La Ue: gas, ok ai pagamenti Eni Energia, piano da 300 miliardi
Gentiloni: le compagnie stanno saldando in euro. «L’uso di rubli è una violazione». Il nodo del doppio conto. Patto di Stabilità, intesa per la sospensione anche nel 2023
BRUXELLES La Commissione Ue ieri ha presentato il piano RePowerEu per ridurre rapidamente la dipendenza europea dai combustibili fossili russi, accelerando la transizione verde: «Mobiliteremo quasi 300 miliardi di euro, circa 72 miliardi in sovvenzioni e 225 miliardi in prestiti», ha detto la presidente Ursula von der Leyen. Ieri è stato presentato anche un nuovo piano di assistenza macrofinanziaria da 9 miliardi nel 2022 per aiutare a breve termine l’Ucraina.
Ma l’attenzione si è concentrata anche sull’annuncio dell’Eni di avere avviato l’apertura presso Gazprom Bank di due conto correnti, uno in euro e uno in rubli come preteso da Gazprom Export per continuare a fornire il gas. Eni ha precisato che considera saldato ogni impegno al momento del pagamento in euro. Alla domanda se l’apertura del conto in rubli rappresenti una violazione delle sanzioni contro Mosca per l’invasione dell’Ucraina, il commissario all’Economia Paolo Gentiloni ha spiegato che «primo: i contratti sono denominati in euro o in dollari; secondo: le compagnie, tutte le compagnie, stanno pagando in euro o in dollari». Ha anche aggiunto che «se mi chiedessero “stanno pagando in rubli: questa è una violazione” naturalmente la risposta sarebbe diversa. Ma non è quello che sta succedendo con le compagnie europee». La stessa domanda è stata posta al vicepresidente della Commissione Ue Frans Timmermans: «Pagare il gas in rubli viola le sanzioni Ue, è molto semplice». Martedì il portavoce della Commissione Ue aveva detto che anche l’apertura del conto in rubli viola le sanzioni.

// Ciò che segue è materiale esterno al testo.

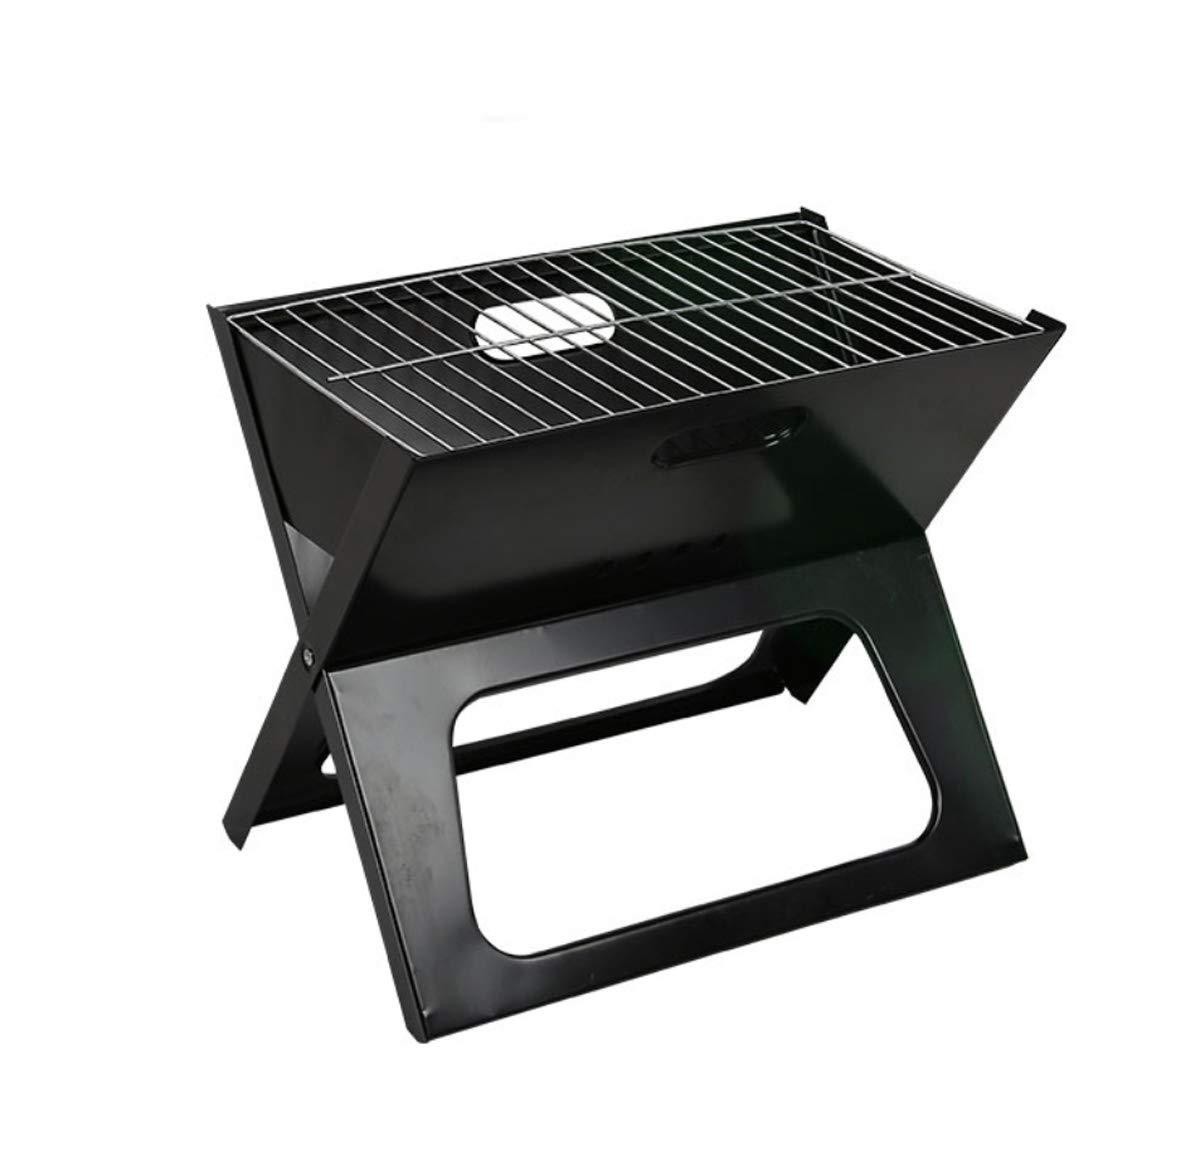 ZXMXY BBQ Grill Klapp Outdoor X-Förmige Klapp Grill Grill Bequeme Grill-Notebook-Stil Grill 44  29  36,5 (cm) dc3fe8

Il piano RePowerEu punta a raggiungere l’indipendenza dalle fonti fossili russe attraverso l’accelerazione sulle rinnovabili (è previsto uno snellimento dei processi autorizzativi) e sull’idrogeno verde, l’efficienza energetica, la diversificazione delle forniture (anche attraverso acquisti congiunti volontari). I costi stimati sono di 210 miliardi da qui al 2027. Non vengono previsti nuovi fondi fatta eccezione per 20 miliardi provenienti dalla vendita all’asta delle quote del sistema di scambio di emissioni (Ets). Il resto sono soldi già stanziati: vengono messi a disposizione i 225 miliardi di prestiti ancora non richiesti dagli Stati membri provenienti dalla Recovery and Resilience Facility, lo strumento principale di Next Generation Eu, da cui dipendono i Pnrr nazionali. In base al regolamento originario i Paesi Ue avevano tempo fino al 31 agosto 2023 per richiederli, invece ora le regole cambieranno e una volta adottate gli Stati membri avranno un mese per decidere. Quelli non usati torneranno a disposizione dei Paesi che ne faranno domanda. Gli altri soldi provengono, su base volontaria, dall’uso dei fondi di coesione (26,9 miliardi) e dal
Fondo europeo agricolo per lo sviluppo rurale (7,5 miliardi). L’Italia, che ha già chiesto tutti i prestiti del Pnrr, potrà accedere a quelli che non saranno usati dagli altri Paesi Ue oppure decidere di trasferire i fondi strutturali al Pnrr. L’obiettivo della Commissione non è riaprire i piani ma aggiungere dei capitoli di spesa. Per ridurre la dipendenza dalle importazioni dalla Russia l’Ue avrà bisogno di aumentare nei prossimi 5-10 anni l’energia prodotta con il nucleare e con il carbone. Inoltre vengono ammessi investimenti in infrastrutture legate al gas e al petrolio (in un’ottica di diversificazione delle forniture).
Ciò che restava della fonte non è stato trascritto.